The answer must consist solely of the lines below starting at the one containing "Factory price programmable" and ending at the one containing "Smartwatch pour enfants", repeated exactly, with both ends included and all pictures omitted.

**Data in this exercise**
++++++++
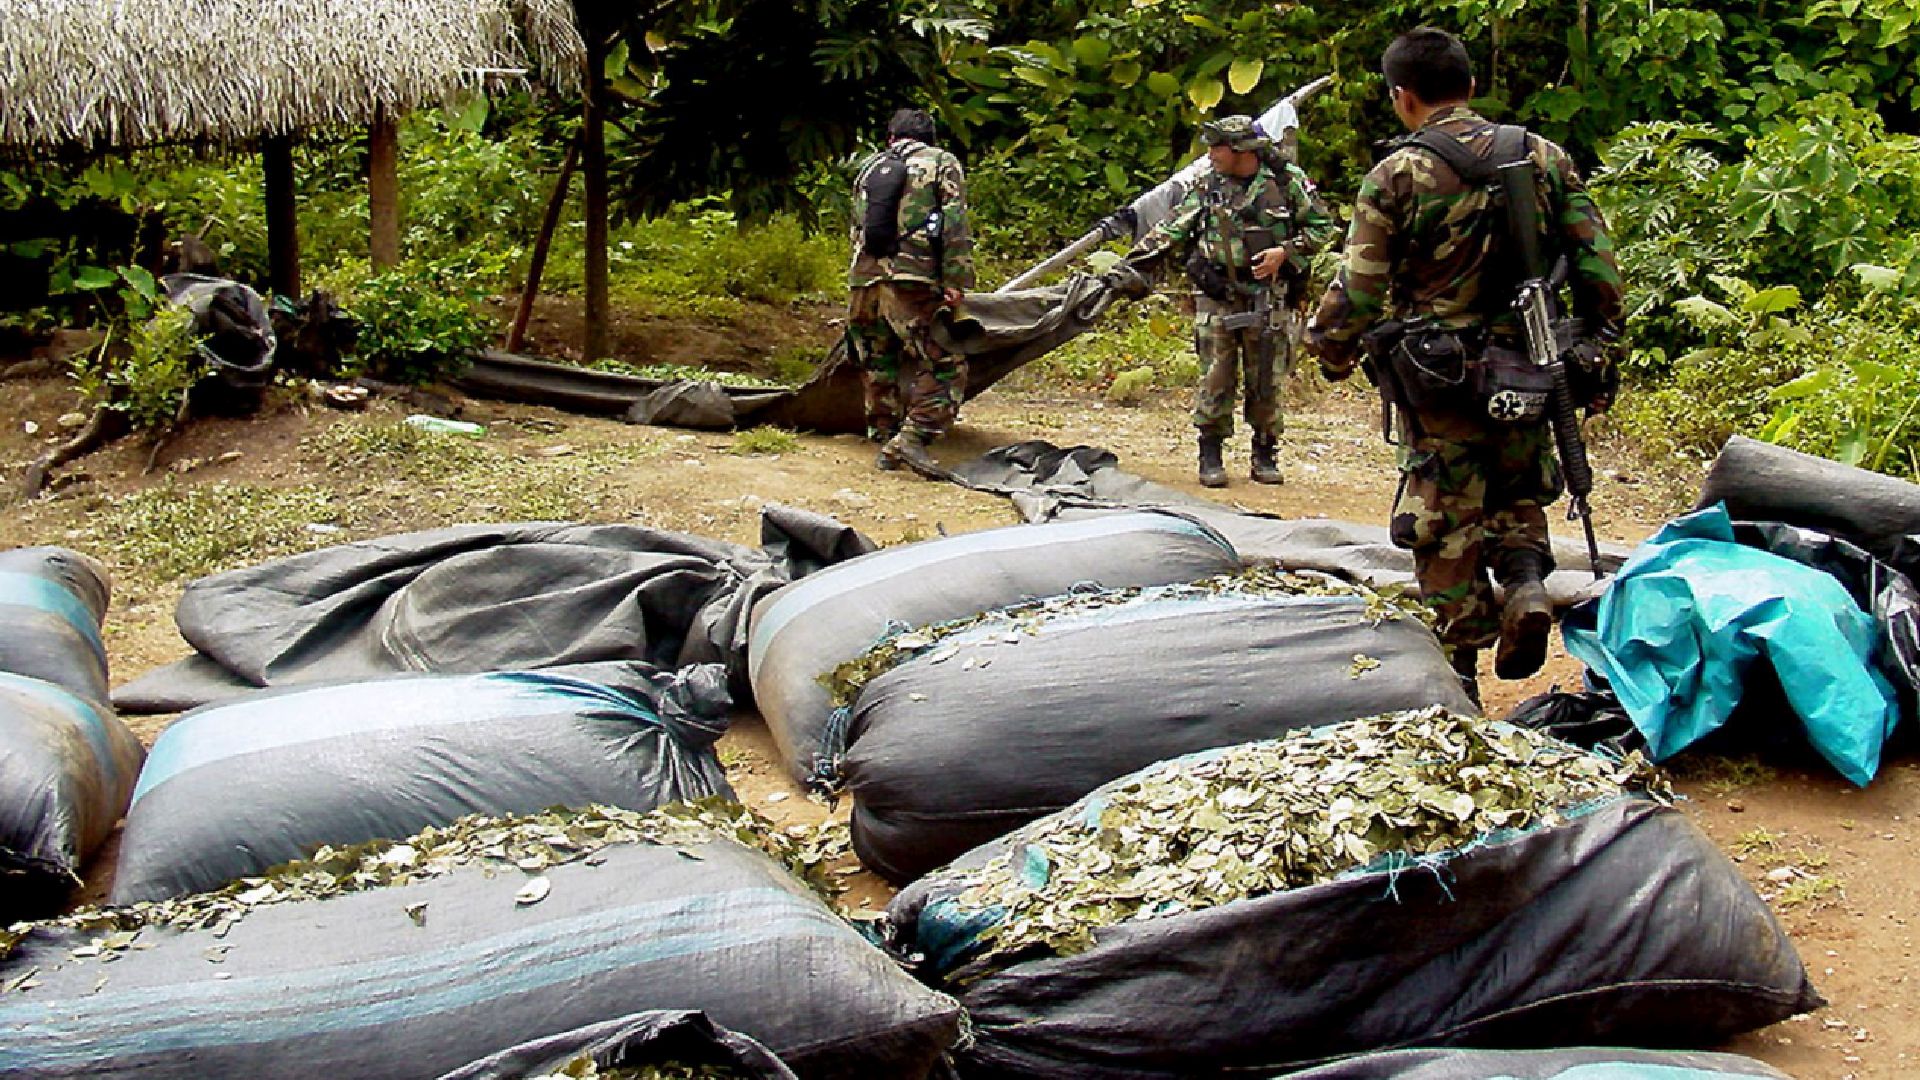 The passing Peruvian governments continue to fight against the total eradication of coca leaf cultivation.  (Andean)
++++++++
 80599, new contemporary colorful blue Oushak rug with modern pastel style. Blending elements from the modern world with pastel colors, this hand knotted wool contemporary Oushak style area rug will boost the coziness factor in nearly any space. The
++++++++
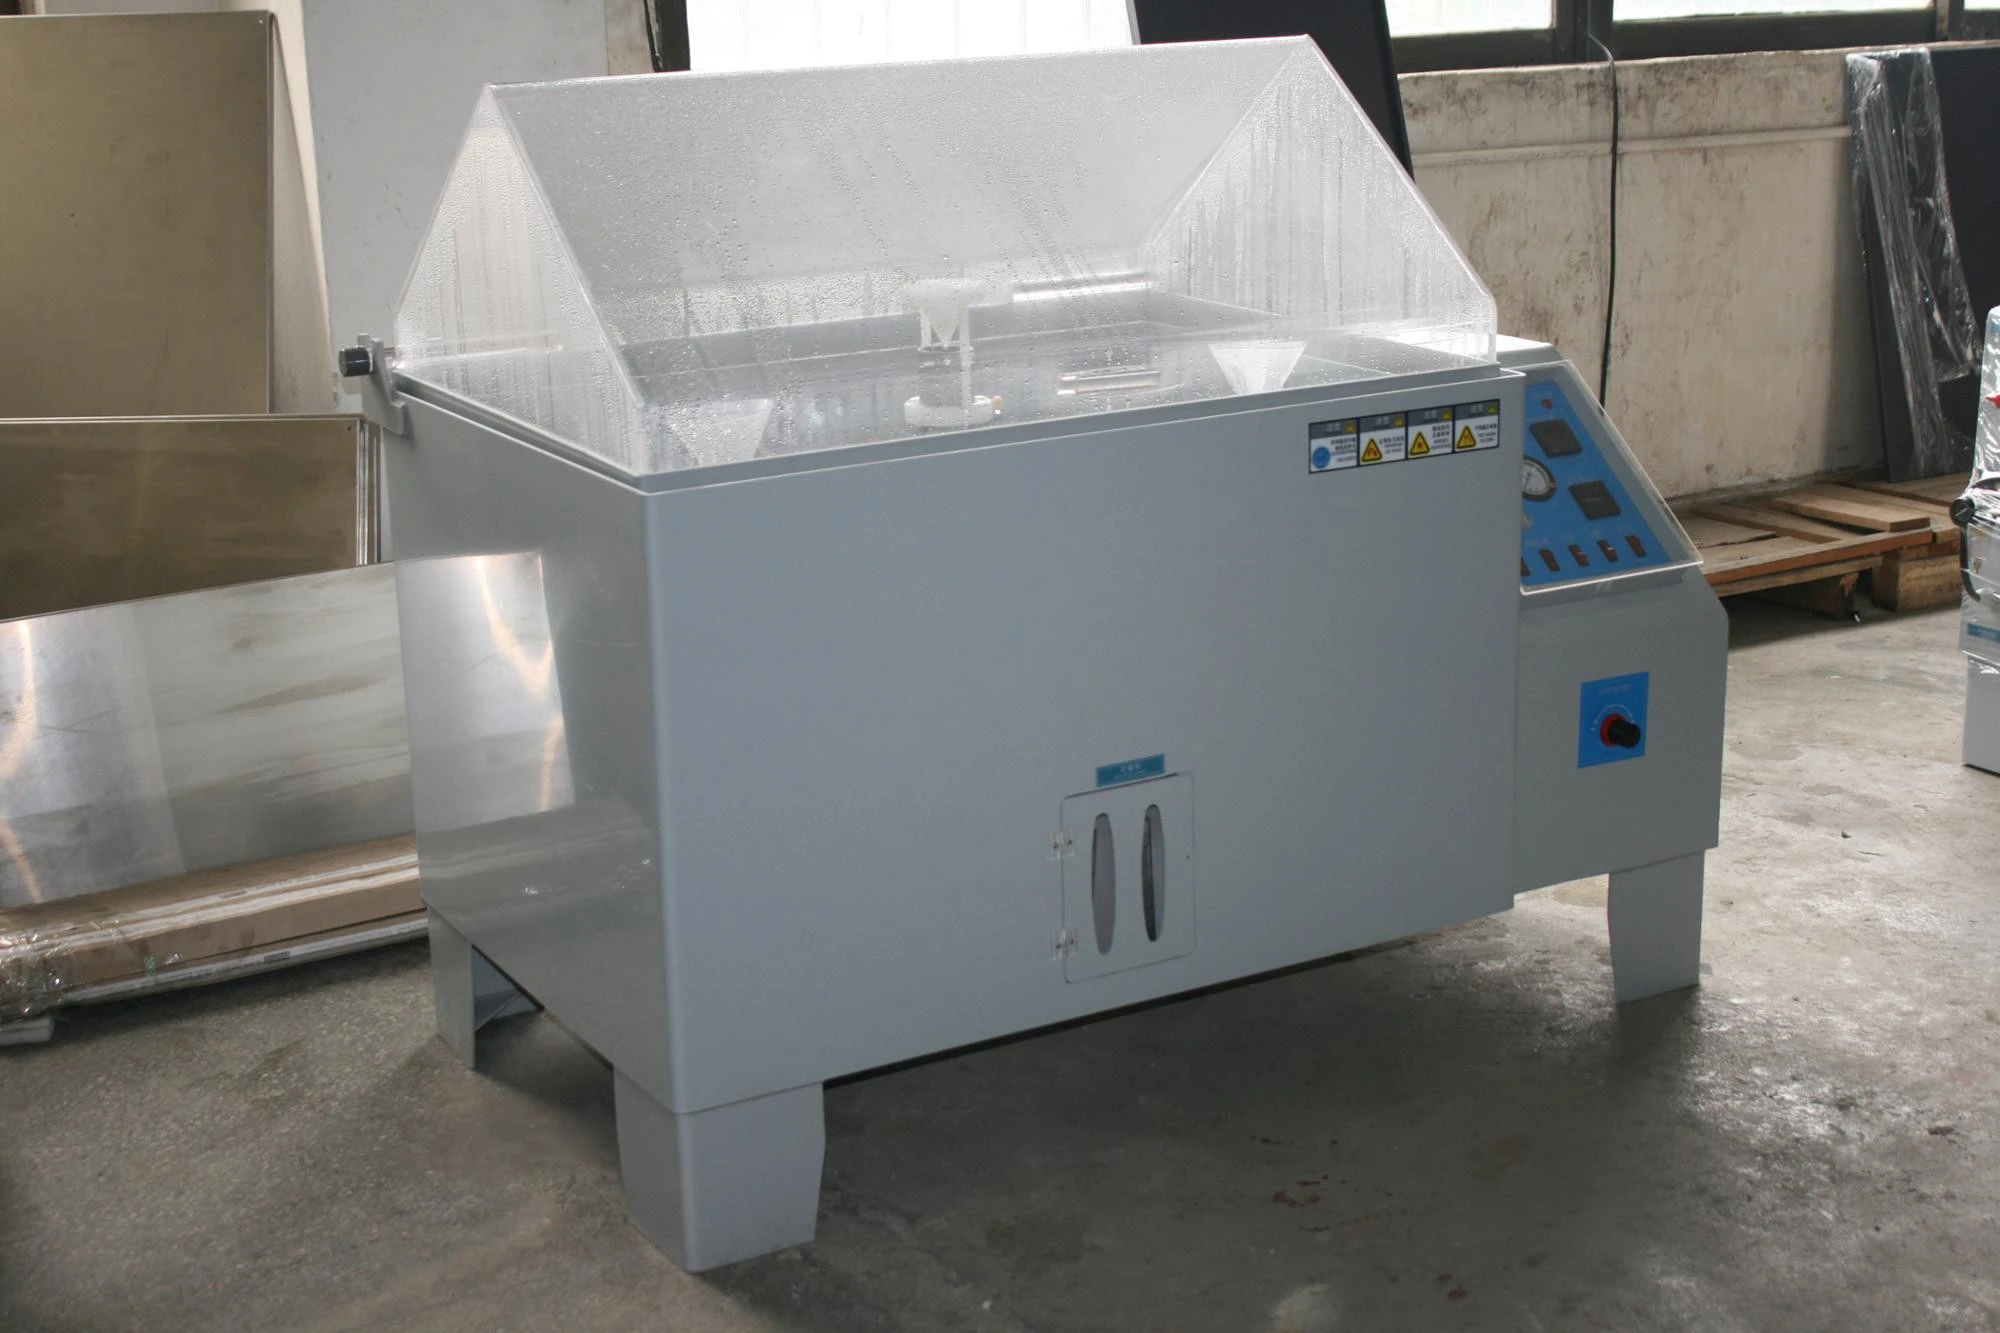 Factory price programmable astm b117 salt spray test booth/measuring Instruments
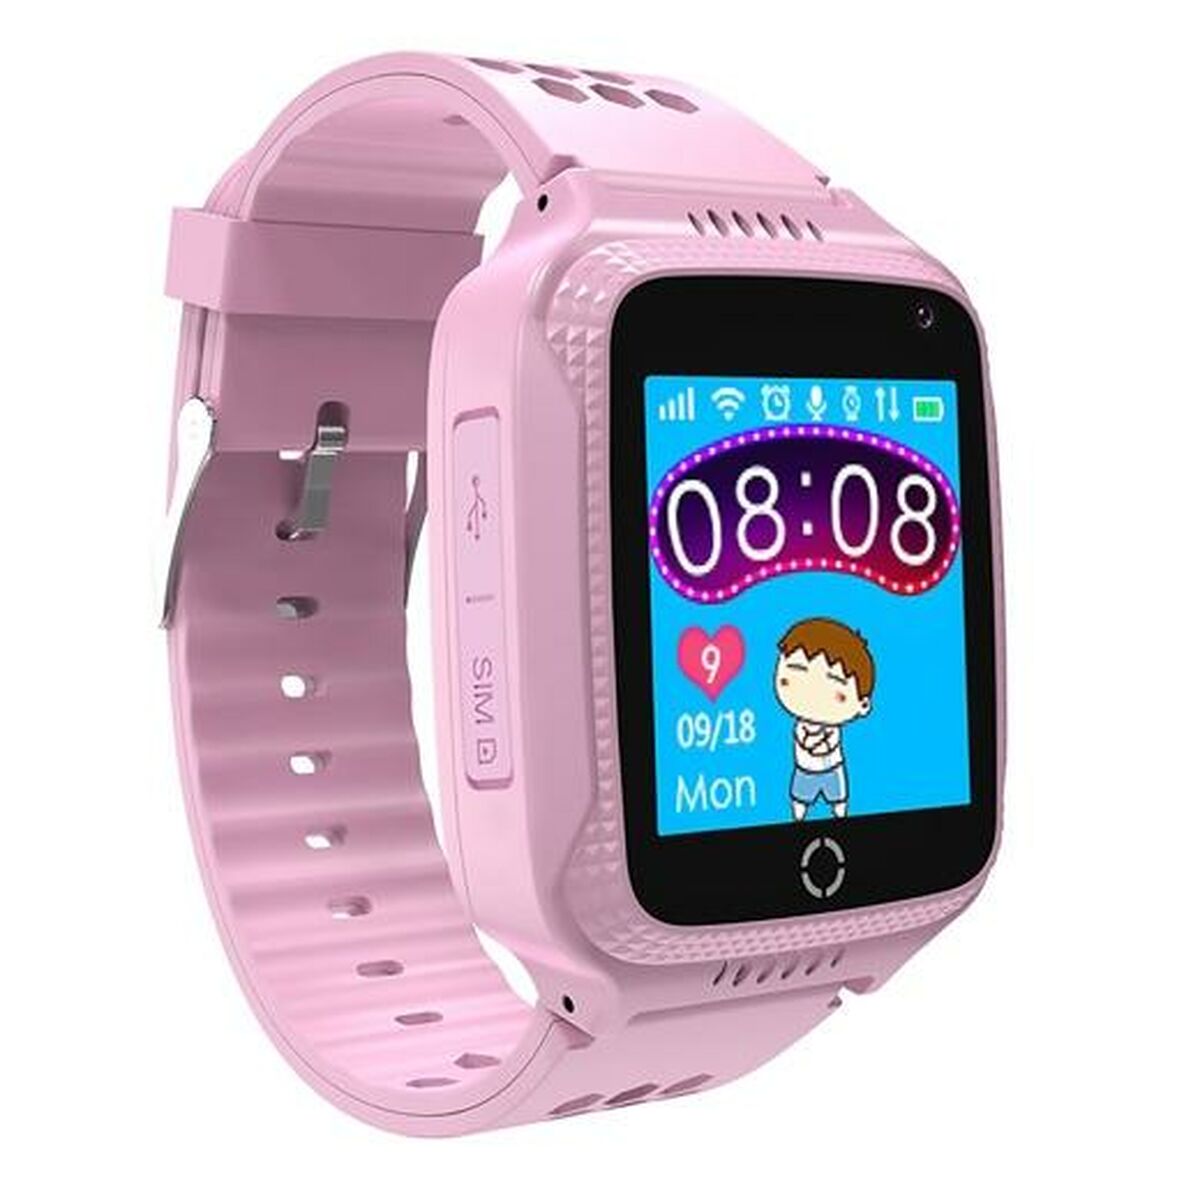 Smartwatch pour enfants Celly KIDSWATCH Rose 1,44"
++++++++
**Answer box**
 Factory price programmable astm b117 salt spray test booth/measuring Instruments
 Smartwatch pour enfants Celly KIDSWATCH Rose 1,44"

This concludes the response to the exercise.